Only she was not sure it was God. It was powerful, no doubt about that. But she sensed things about this being, and its attributes were definitely not those she associated with the Almighty. It was close by, for one thing, not an omnipresent force but a specific entity existing within a clearly defined space. For another, it seemed offended somehow, angry, filled with the sorts of petty human emotions that should be beneath a deity. Not that the Lord himself hadn't exhibited the occasional pettiness and petulance from time to time-but that was when he'd been a young God, in the Old Testament, just learning the ropes and trying to figure out the boundaries between himself and his creations.

This thing wasn't young.

She was afraid to stop praying, afraid the connection would be lost. The entity to whom she was talking might not be a god, but she felt safe in its company, protected by her communion with it. And the more she spoke, the more she opened herself and made explicit her fears and wishes, the closer she seemed to come to this awesomely powerful being.
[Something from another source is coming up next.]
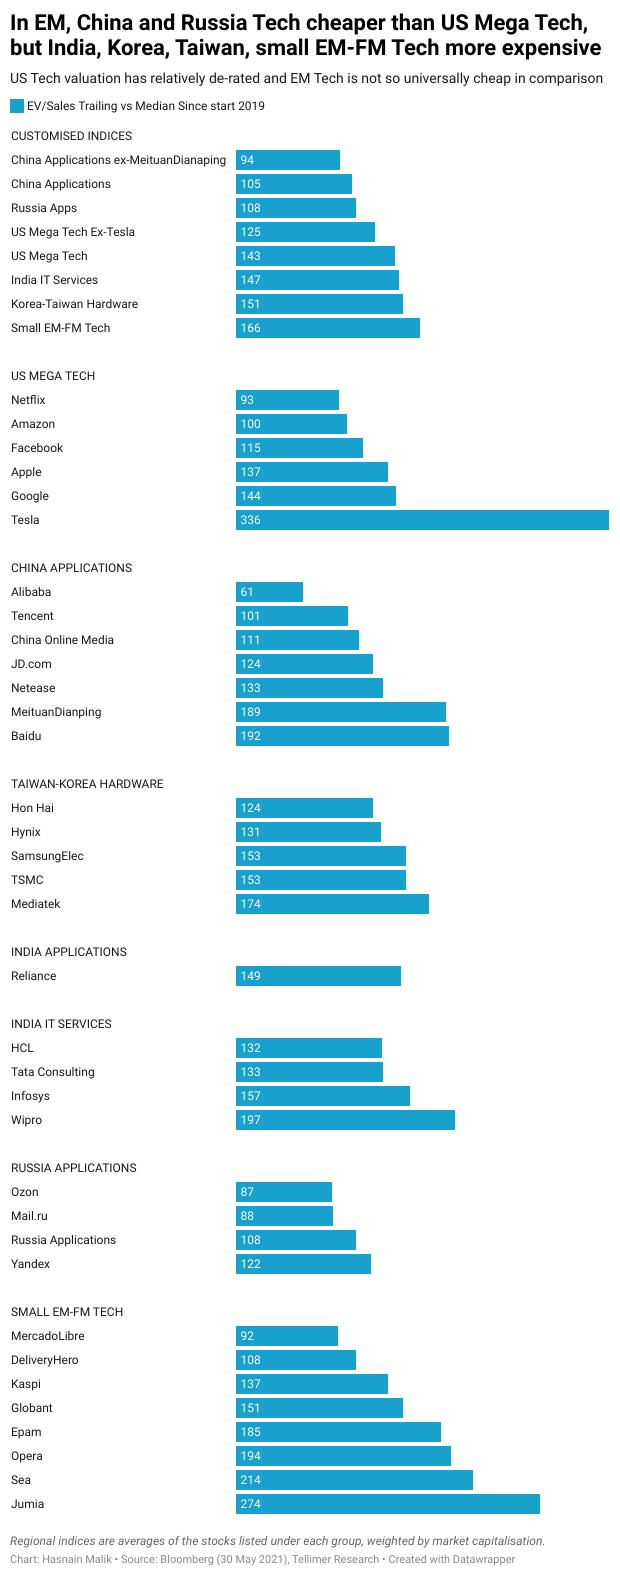 In EM, China and Russia Tech cheaper than US Mega Tech, but India, Korea, Taiwan, small EM-FM Tech more expensive

She had the impression that it knew who she was, that her coming here had been arranged or somehow preordained, although that made no sense and she could not imagine how she could help, what possible use she could be, what she could bring to the table.

Derek was still hugging her, leaning on her, sobbing and holding her tightly. Her hands were clasped behind his back, her eyes closed as she prayed.

There was movement beneath her feet, accompanied by an audible rumbling, and at that, her eyes snapped open. As a native of Southern California, she'd lived through her share of earthquakes, and those experiences had made her wary and alert to any seismic phenomena, instinctively ready to bolt or seek cover at the first sign of geologic instability. This wasn't an earthquake, though. She knew it immediately. The second her eyes opened, she saw a figure beginning to coalesce from the land surrounding them, elements of earth and sky coming together to form a single beast, as though the substance of each component making up this plain was being drawn particle by particle from its inanimate source by an invisible force and shaped into a monster.

But was it a monster?

It drew itself upward from the ground, rising as tall as a building into the still night air, illuminated by the light of the recently risen moon. It was indeed horrible to look upon, this thing of rock and sand and cloud and brush. Recognizable ingredients had been put together in such a way that the end result was not only unfamiliar but profoundly disturbing. At the same time, she was not afraid of it. She faced the massive figure. There were no arms or legs, but there was very definitely a face. It hovered somewhere in the middle of the thin wavering form: ancient angry eyes, a beak-ish nose, a lipless maw that was at once overlarge and tightly constricted. Yet despite the being's hideous appearance and overwhelming size, she was not really frightened. Awed, yes, but not scared.